Oxidation of myofibrillar proteins causes contractile dysfunction in human heart failure

Background: Previous studies in microembolized pig hearts (Eur. Heart. J. 27, 875-881, 2006) demonstrated that augmented intracellular accumulation of reactive oxygen species causes oxidative modifications at the level of the contractile machinery. This study was aimed at investigating the role of myofibrillar protein (MP) oxidation\nitrosylation and the relationship between MP oxidation and contractile impairment in human failing myocardium (NYHA class IV). Methods and Results: As compared to samples from non-failing donor hearts (NF-group, n = 15), left ventricular biopsies from explanted failing hearts (NYHA class IV, HF-group, n = 33) displayed a 2.3 ± 0.29- and 2.6 ± 0.53-fold increase in actin and tropomyosin (Tm) carbonylation respectively, and a 2.2 ± 0.47-fold higher level of high-molecular-mass complexes of Tm due to disulphide cross-bridge formation.
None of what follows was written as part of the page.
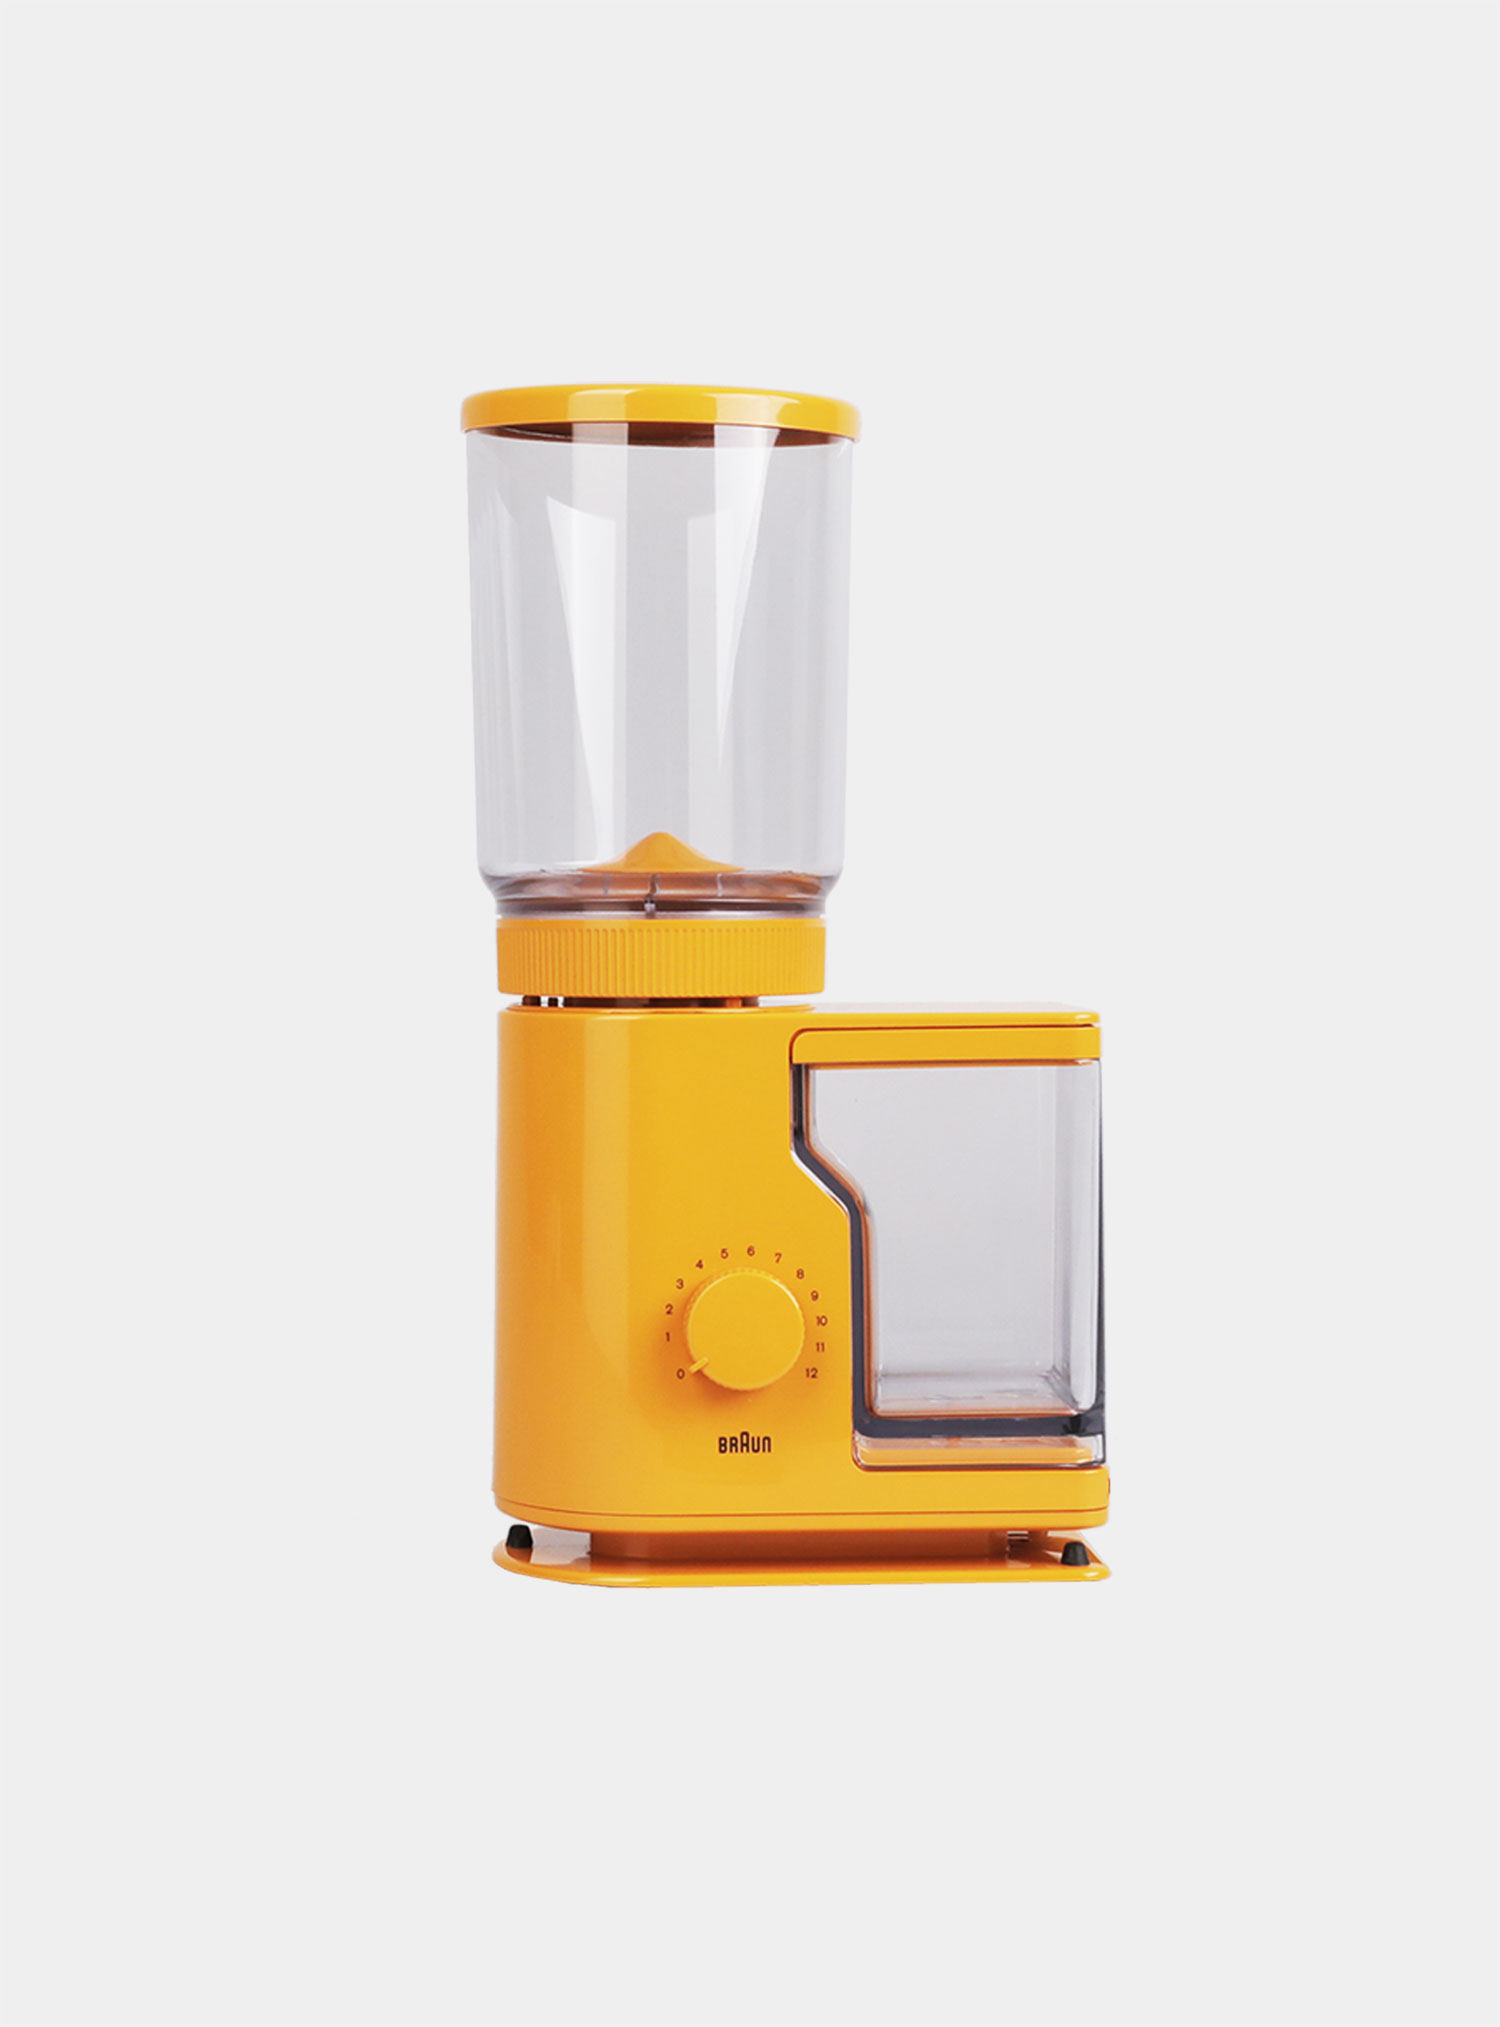 https://onlyonceshop.com/media/pages/product/braun-kmm-20-coffee-grinder/062c83206b-1650541407/braun-kmm-coffee-grinder-yellow.jpg
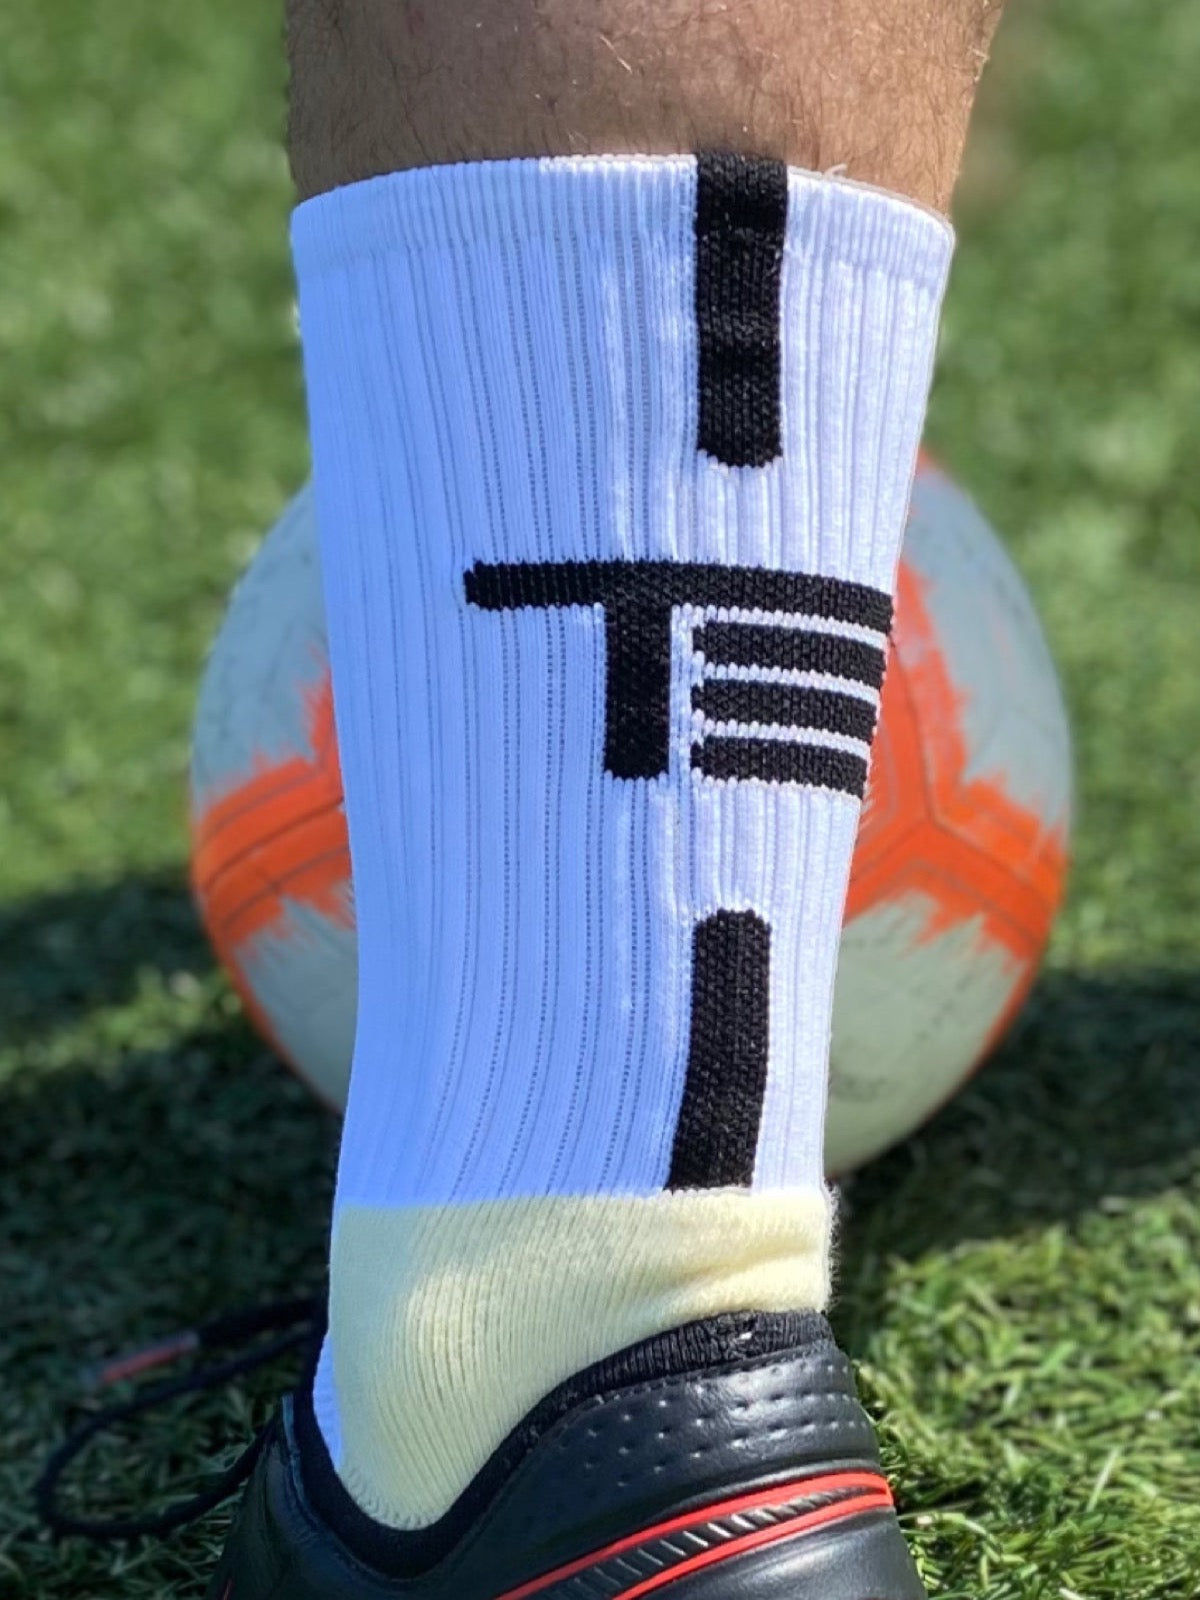 A high performance grip sock designed and worn by professional goalkeepers and soccer players

MP were also modified by reactive nitrogen species. The extent of S-nitrosylation was 1.3 ± 0.15-fold higher in the HF-group. Interesting, actin and Tm carbonylation along with Tm oxidation significantly correlated with both loss of viability (r2 = 0.646, P = 6.16E-12; r2 = 0.453, P = 1.58E-07; r2 = 0.221, P = 0.001, respectively), as indicated by plasma TnI levels and contractile impairment (r2 = 0.599, P = 6.88E-112; r2 = 0.457, P = 1.37E-07; r2 = 0.646, P = 6.16E-12, respectively), as shown by reduced left ventricular ejection fraction (LVEF). Conclusion: This study demonstrates that HF-related oxidative and nitrosative stresses induce covalent changes of MP and that these MP changes play a relevant role in contractile impairment as suggested by the inverse correlation between MP oxidation and LVEF.